In environments with a high number of GPU users, the lack of unified GPU resource allocation and management often leads to imbalanced usage, resource idling, or contention, resulting in low overall utilization. Moreover, when multiple developers share a single machine, differences in environments and workflows can cause conflicts and inefficiencies.
Kube Manager, as a container-based cloud platform, provides unified scheduling and allocation of large-scale CPU and GPU resources. It enables dynamic, on-demand GPU allocation to prevent resource imbalance, supports GPU sharing (allowing multiple users to utilize a single GPU card concurrently), and eliminates contention. Leveraging containerization, Kube Manager ensures environment isolation so that multiple users can share the same machine without conflicts.
Kube Manager comprises six core modules: Resource Monitoring, Application Management, Image Management, File Management, User Management, and Resource Quotas.
- Quickly select required CPU, memory, GPU, and VRAM when creating applications.
- Enforced quotas prevent overuse; quotas can be adjusted as needed.
- CPU allocation granularity: 1‰ of a core; Memory: 1 MB.
- Simplified operations: select an image and resources to create applications in minutes.
- Advanced options include environment variables and startup commands.
- Automatic NFS mounting ensures persistent storage and fast file access.
- Options include full GPU allocation, MIG (Multi-Instance GPU) partitioning, or percentage-based allocation.
- Percentage allocation supports as low as 1% utilization or 0.25 GB of VRAM.
- Cluster, node, user, and container-level monitoring.
- Detailed visualization of CPU, memory, network, and GPU usage.
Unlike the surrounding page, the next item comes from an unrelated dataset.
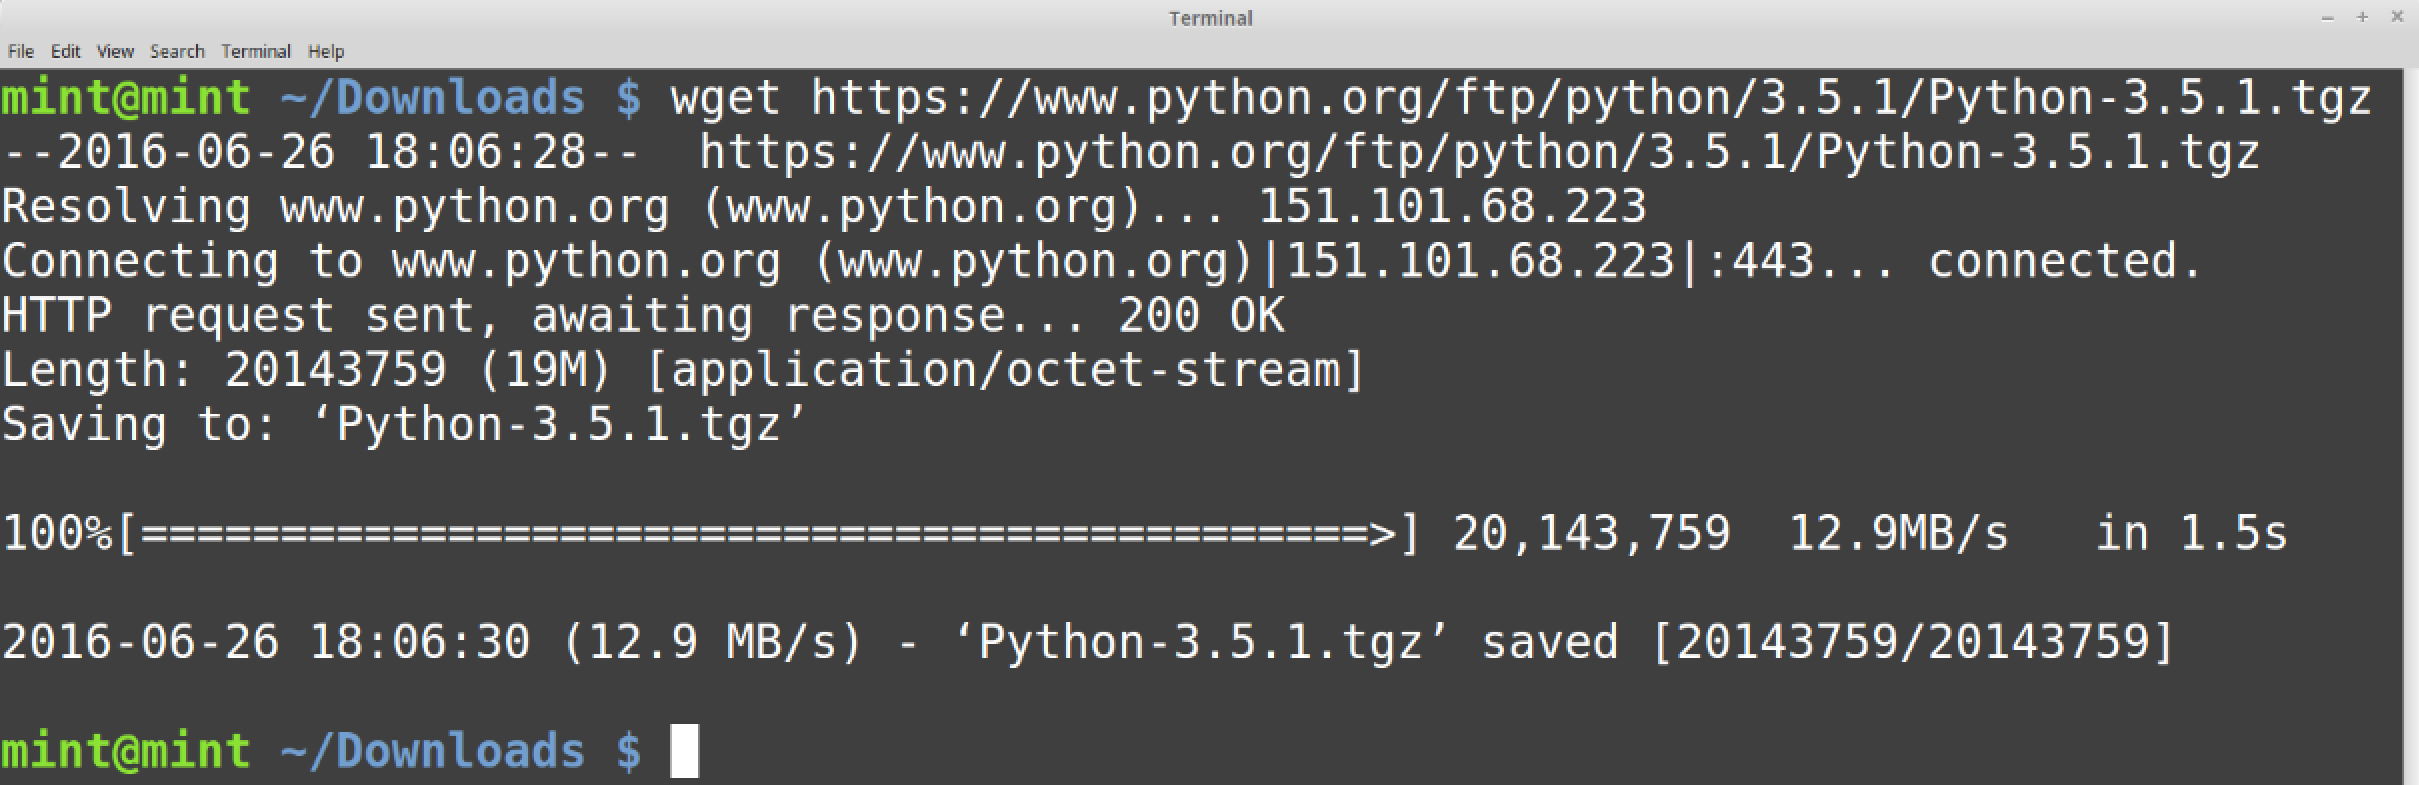 Setting Up Python 3, Django & Gunicorn on Linux Mint 17 3 - Full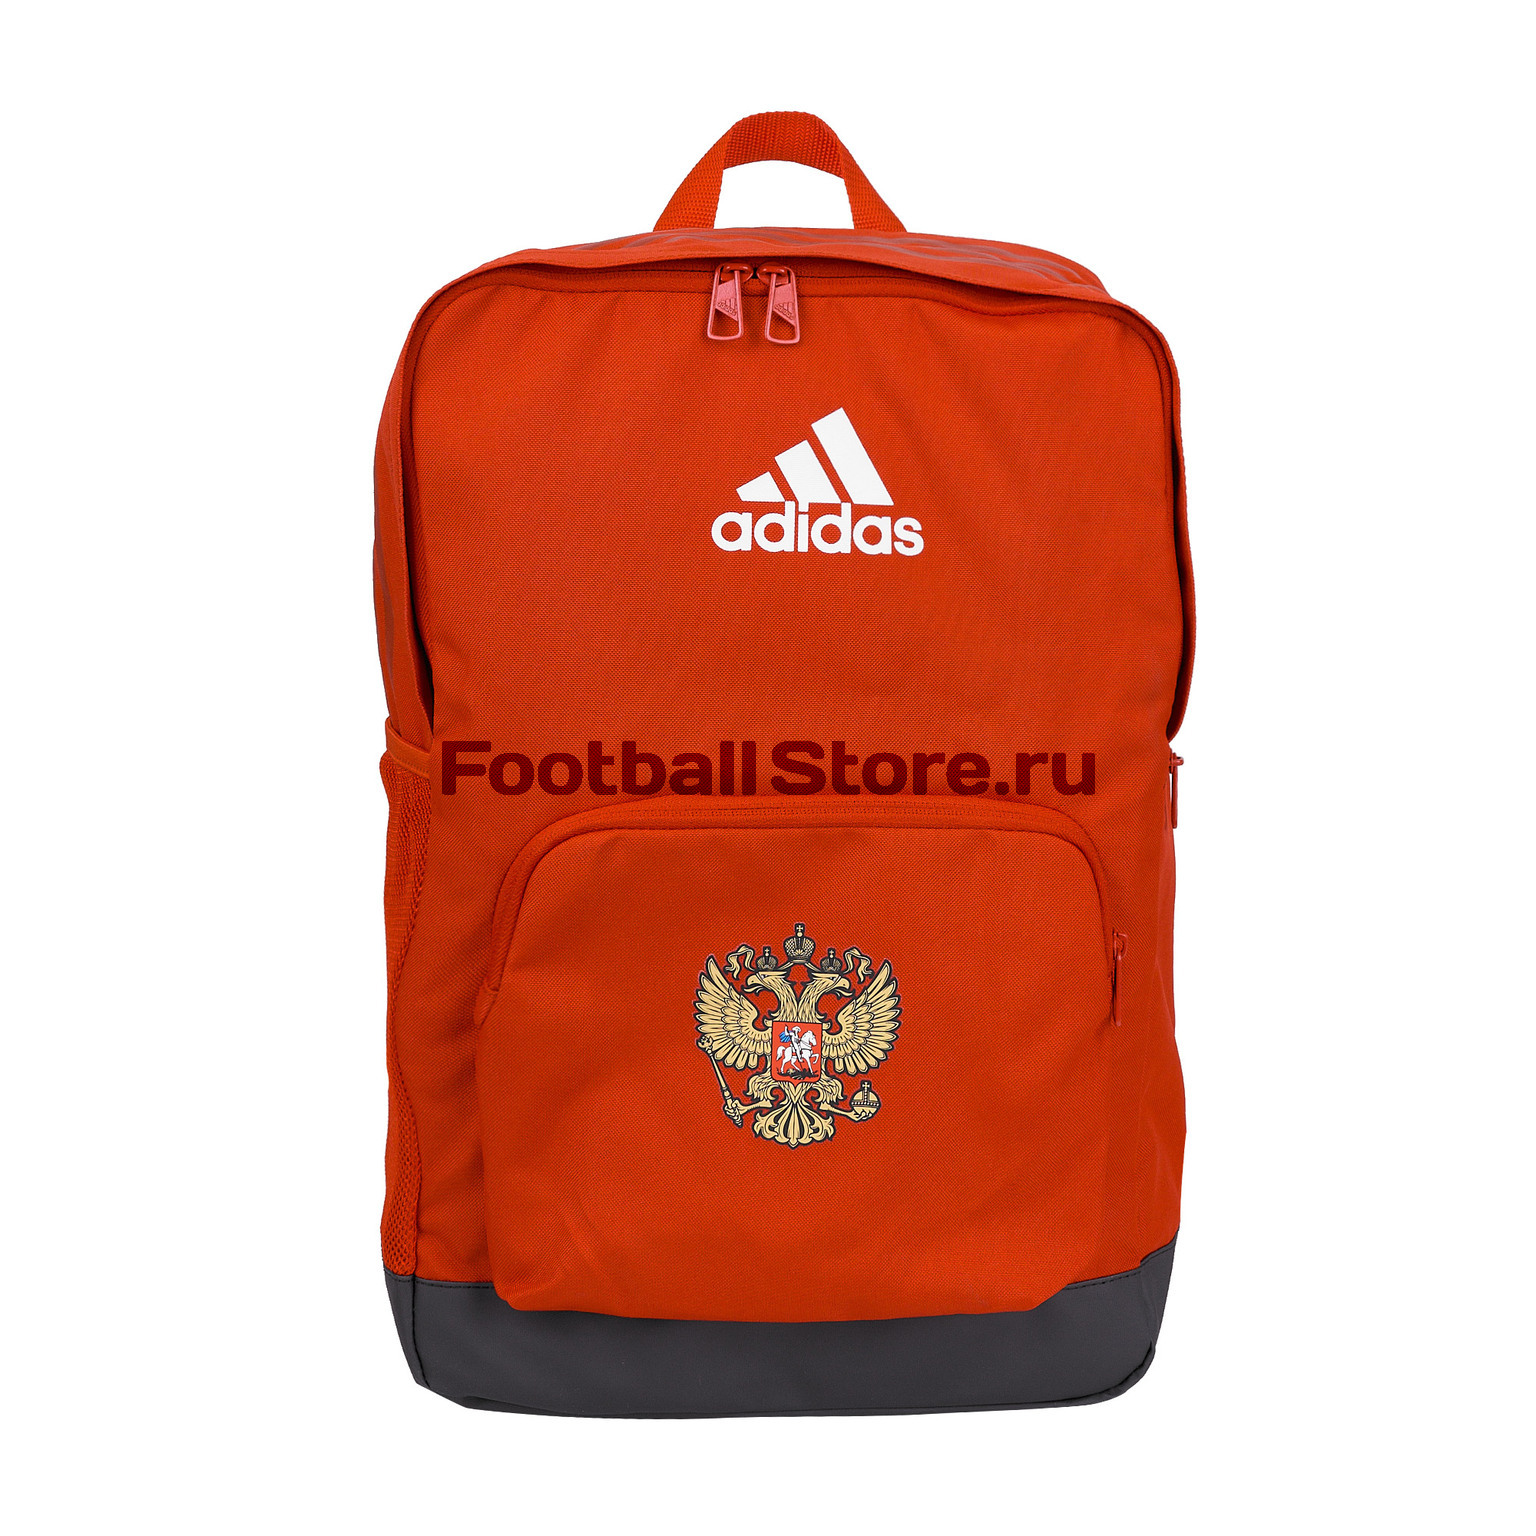 Рюкзак Adidas Russia Tiro BP BS4761-1 рюкзак adidas clas bp 3s

- Customizable dashboards for advanced monitoring.
- Files stored persistently in NFS; unaffected by container lifecycle.
- Web files automatically mounted into containers for seamless access.
- NVIDIA AI Enterprise (NVAIE) is an end-to-end, cloud-native suite of pretrained AI models and data analytics tools.
- Certified by NVIDIA with global enterprise support, ensuring rapid AI deployment. Note: Commercial usage requires a separate license purchase.
Kube Manager provides diverse GPU scheduling options—including full GPU, MIG partitioning, and percentage-based allocation—allowing the department to unify resource management across servers, resolve conflicts, and improve utilization.
Using Kube Manager, faculty and students met diverse resource requirements. GPUs were almost fully utilized across more than ten simultaneous instances, boosting compute efficiency, task throughput, and shortening model development cycles.
Kube Manager enforces quotas and resource limits to prevent excessive usage and waste. With queue-based scheduling and utilization of idle time (night/weekends), the institute improved both resource efficiency and model training throughput.